第二句： 2 (Verb is after another POS tag)

Answer 1

第一个动词和前一个名词之间的距离

受到非常相似的问题的启发。

import nltk

def dist_noun_verb(text):
    text = nltk.word_tokenize(text)
    pos_tagged = nltk.pos_tag(text)
    last_noun_pos = None
    for pos, (word, function) in enumerate(pos_tagged):
        if function.startswith('NN'):
            last_noun_pos = pos
        elif function.startswith('VB'):
            assert(last_noun_pos is not None)
            return pos - last_noun_pos

for sentence in ['Video show Adam stabbing the bystander.', 'Woman quickly ran from the police after the incident.']:
    print(sentence)
    d = dist_noun_verb(sentence)
    print('Distance noun-verb: ', d)

输出：

Video show Adam stabbing the bystander.
Distance noun-verb:  1
Woman quickly ran from the police after the incident.
Distance noun-verb:  2

请注意 function.startswith('VB') 检测句子中的第一个动词。
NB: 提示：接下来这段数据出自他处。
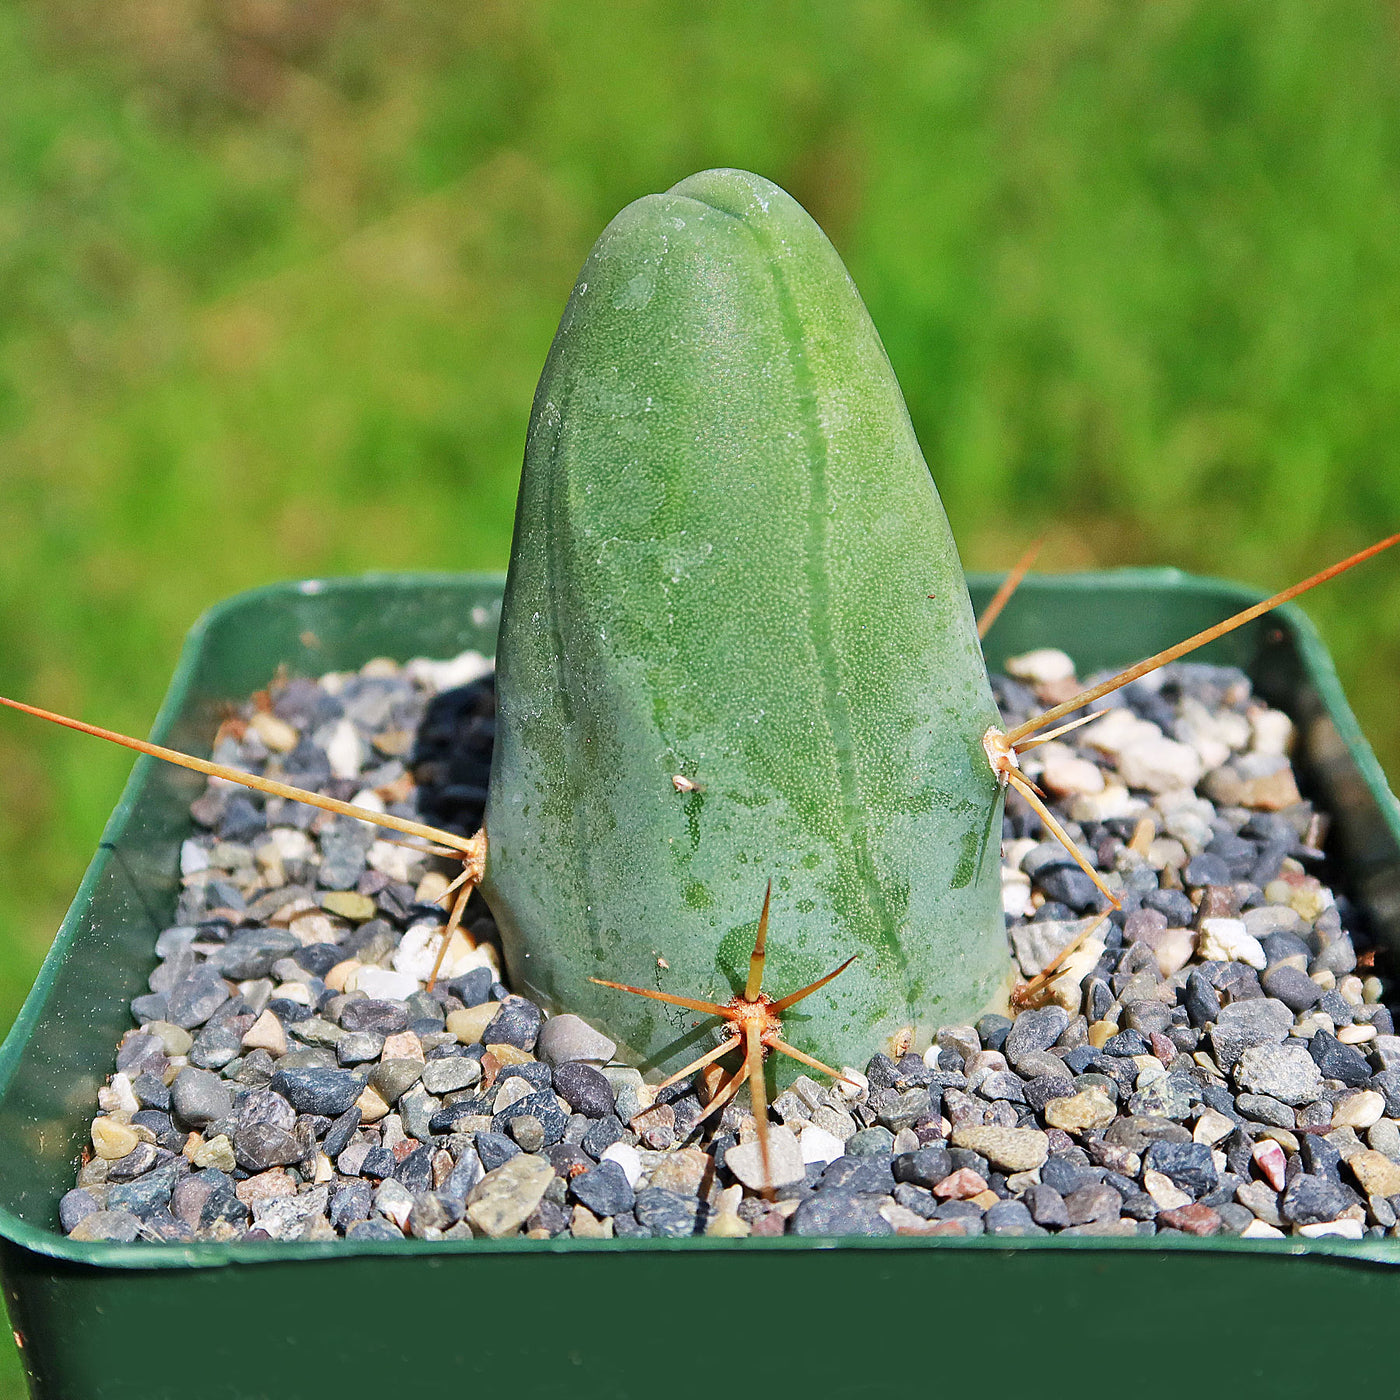 Penis Cactus - Trichocereus bridgesii monstrose

如果你想区分主要动词或其他种类的动词，你需要检查按 nltk.pos_tagged 分类的不同种类的动词：'VBP'、'VBD' 等

此外，我代码中的 assert(last_noun_pos is not None) 行意味着如果第一个动词出现在任何名词之前，代码就会崩溃。您可能希望以不同的方式处理它。

有趣的是，如果我在 'show' 中添加一个 's' 并构成句子 'Video shows Adam stabbing the bystander.'，那么 nltk 会将 'shows' 解析为名词而不是动词。

更进一步：“主要”动词和前一个名词之间的距离

考虑句子：

'The umbrella that I used to protect myself from the rain was red.'

这句话包含三个动词：'used', 'protect', 'was'。像我上面那样使用 nltk.word_tokenize.pos_tag 可以正确识别这三个动词：

text = 'The umbrella that I used to protect myself from the rain was red.'
tokens = nltk.word_tokenize(text)
pos_tagged = nltk.pos_tag(tokens)
print(pos_tagged)
# [('The', 'DT'), ('umbrella', 'NN'), ('that', 'IN'), ('I', 'PRP'), ('used', 'VBD'), ('to', 'TO'), ('protect', 'VB'), ('myself', 'PRP'), ('from', 'IN'), ('the', 'DT'), ('rain', 'NN'), ('was', 'VBD'), ('red', 'JJ'), ('.', '.')]
print([(w,f) for w,f in pos_tagged if f.startswith('VB')])
# [('used', 'VBD'), ('protect', 'VB'), ('was', 'VBD')]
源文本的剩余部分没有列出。